# Are relationships harder because of SA?



## angel_7745 (May 14, 2006)

I don't know about anyone else but I find it extremely difficult to have intimate relationships because of my SA. I've never actually had a boyfriend. I've had guys ask me out but I always end up saying yes and then disappointing them later by coming up with excuses for not going. I'm afraid that if I get into a relationship one or both of us will end up getting hurt and that he won't want to deal with my craziness due to my SA. I don't think its fair for me to get into a relationship with someone and then dump all this on them.

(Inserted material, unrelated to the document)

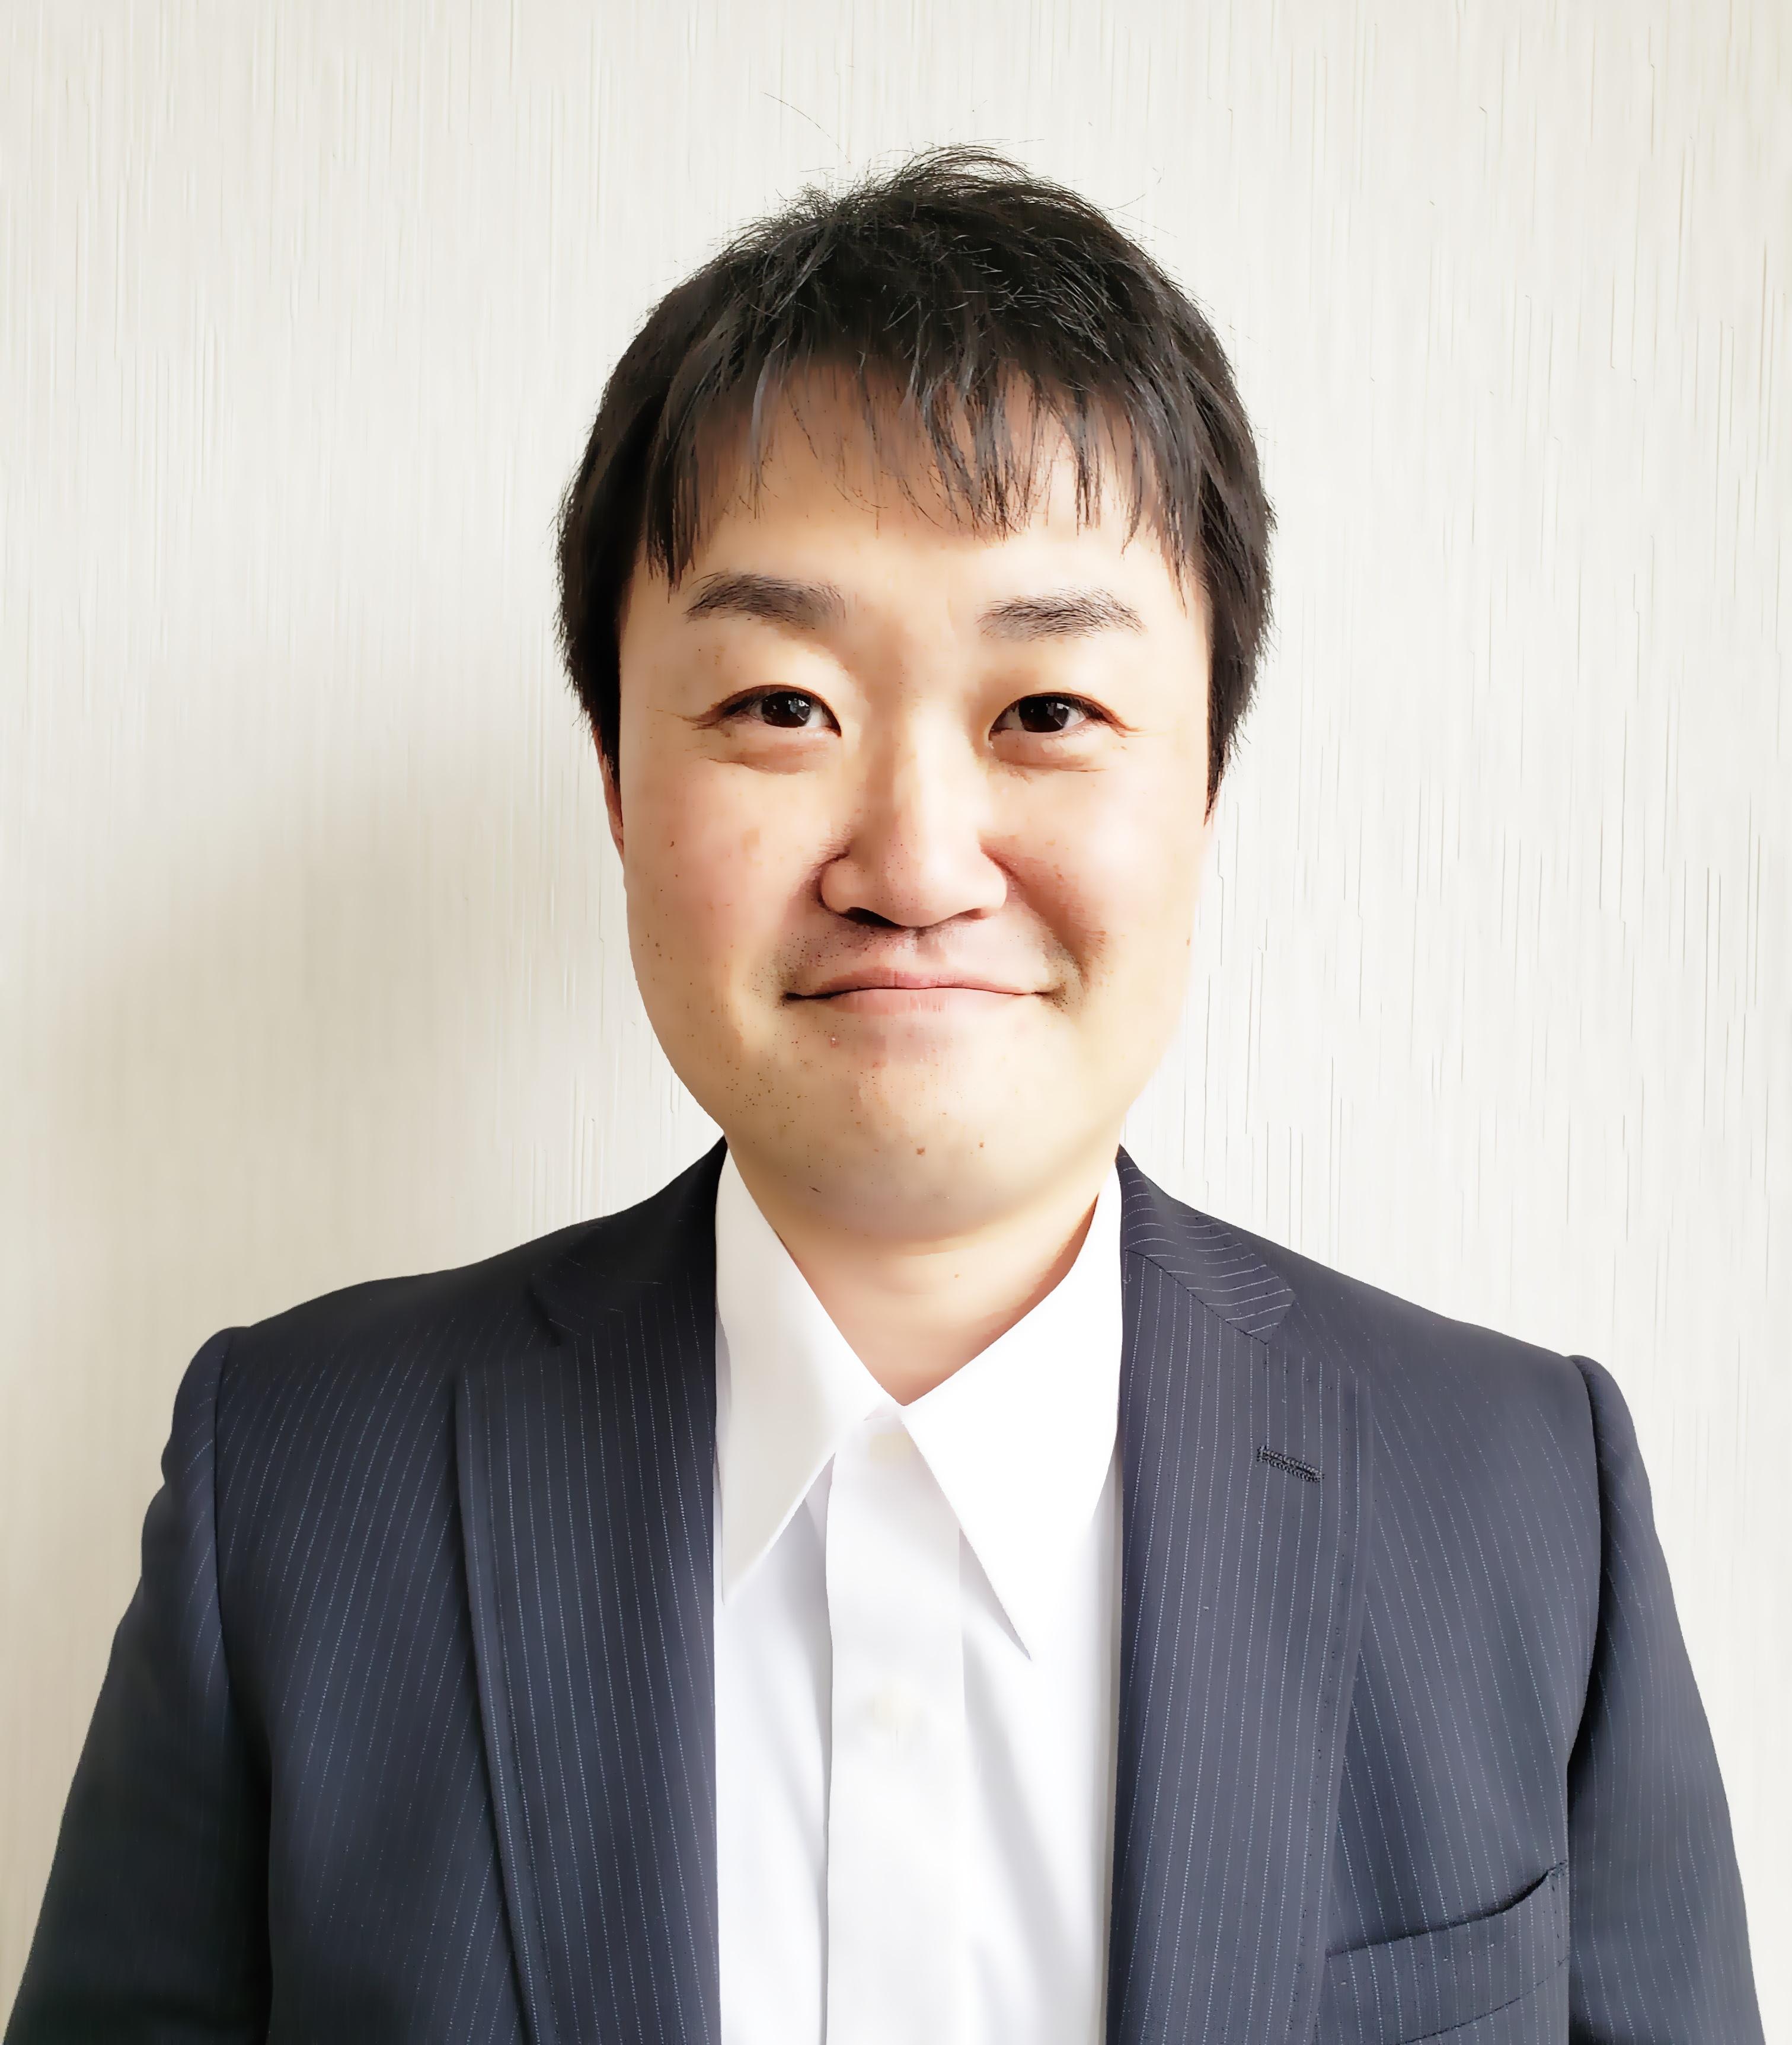 日本初の早期緩和ケア外来専業クリニックの院長大津秀一の写真です

Does anyone else feel this way or has anyone overcome these feelings? If so, please share  

~Christina~


----------



## Mystic Pencil (Mar 6, 2006)

Hi Angel=) :squeeze
Your not alone here. I have MAJOR problems with relationships. I have no friends and no love life. I'm actually glad I don't because people that are close to me are going through alot with both. 

I think it's a mainstay for us people with SA. We always feel like we do the wrong or stupid thing or both. Or that people will find us awkward for anything at all.

I do the same thing you do. I'm gung-ho at first but then I think of what other people have done to others that are close to me and then anxiety and depression cause me to cancel the love joy.

Most times for me it's an omen because I find out later that the person wasn't worth it or wasn't my cup of tea.

Right now however I wish there was someone who would respect me no matter how bad I look. But I'd probably push them away too.

I'm sorry if this didn't help you. But I bleed for you even if I didn't share the same issue.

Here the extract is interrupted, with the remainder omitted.